Provided entries ::

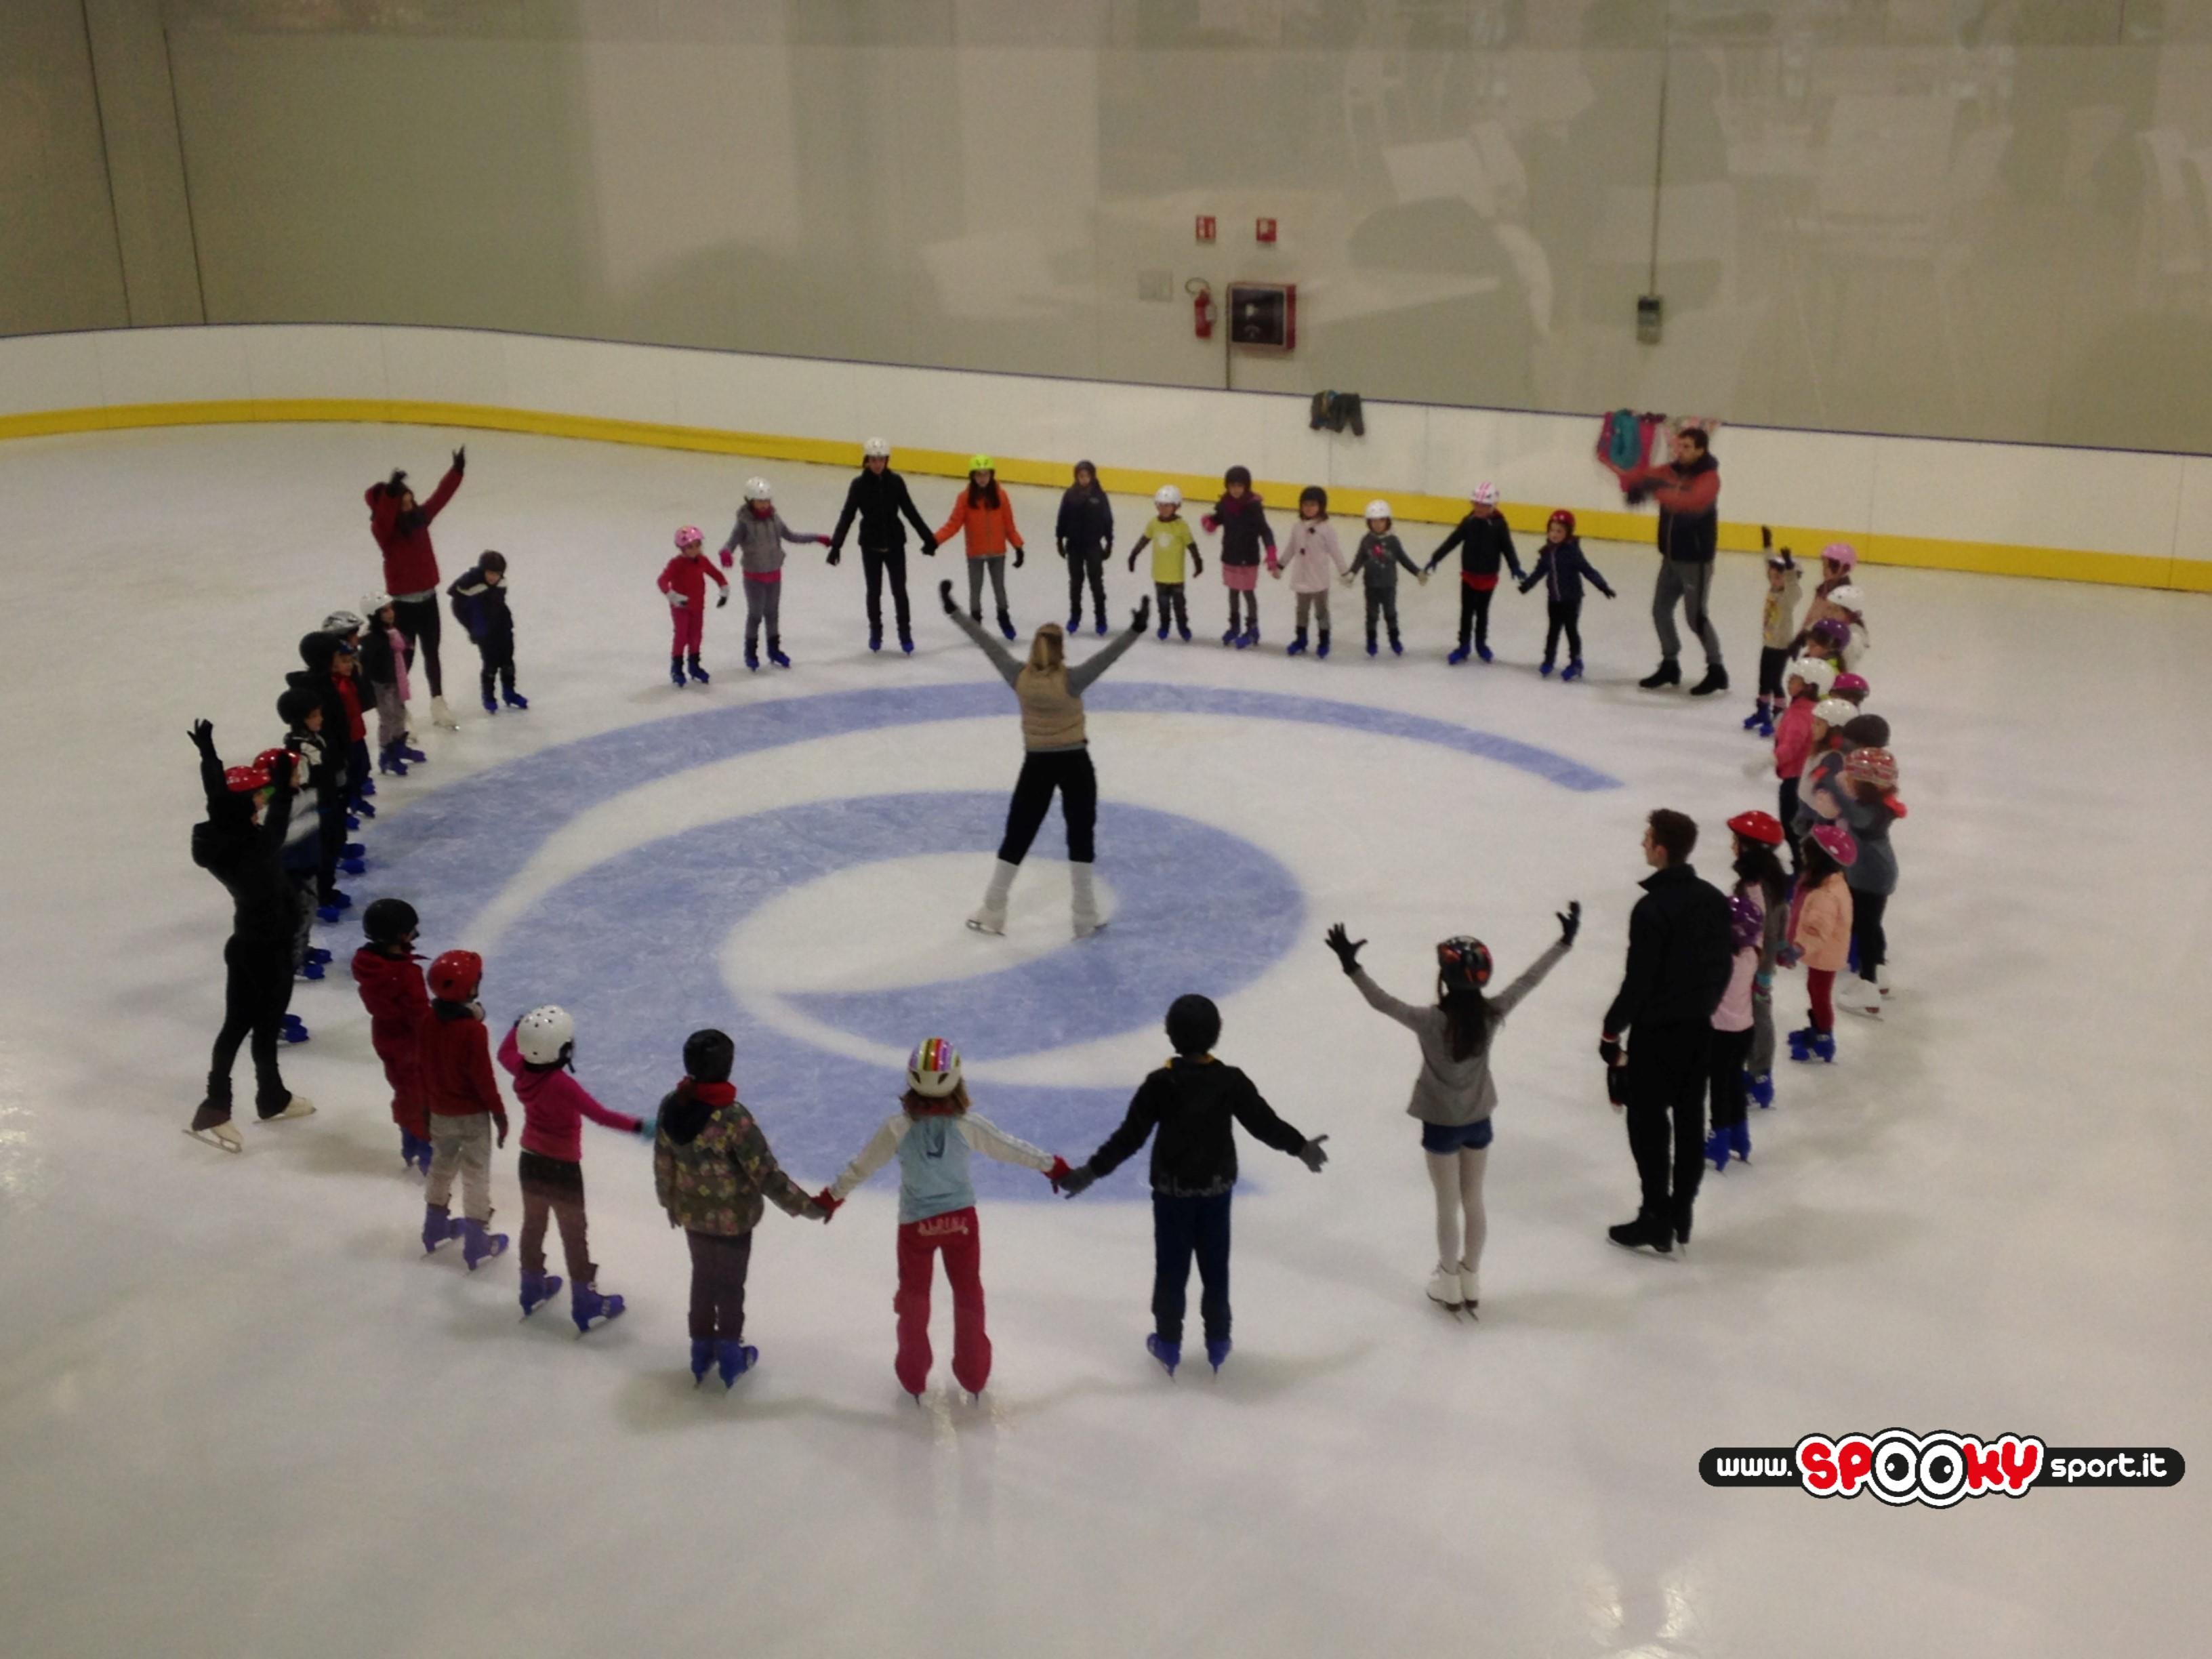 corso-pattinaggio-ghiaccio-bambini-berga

==

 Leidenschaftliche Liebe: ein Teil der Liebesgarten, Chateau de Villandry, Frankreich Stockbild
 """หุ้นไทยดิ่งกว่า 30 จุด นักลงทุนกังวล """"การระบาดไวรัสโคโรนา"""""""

Exercise prompt :: Among the entries above, copy exactly only the lines starting with the one containing "Leidenschaftliche Liebe: ein" and going through the one containing "30 จุด นักลงทุนกังวล", both ends included.

Your solution ::
 Leidenschaftliche Liebe: ein Teil der Liebesgarten, Chateau de Villandry, Frankreich Stockbild
 """หุ้นไทยดิ่งกว่า 30 จุด นักลงทุนกังวล """"การระบาดไวรัสโคโรนา"""""""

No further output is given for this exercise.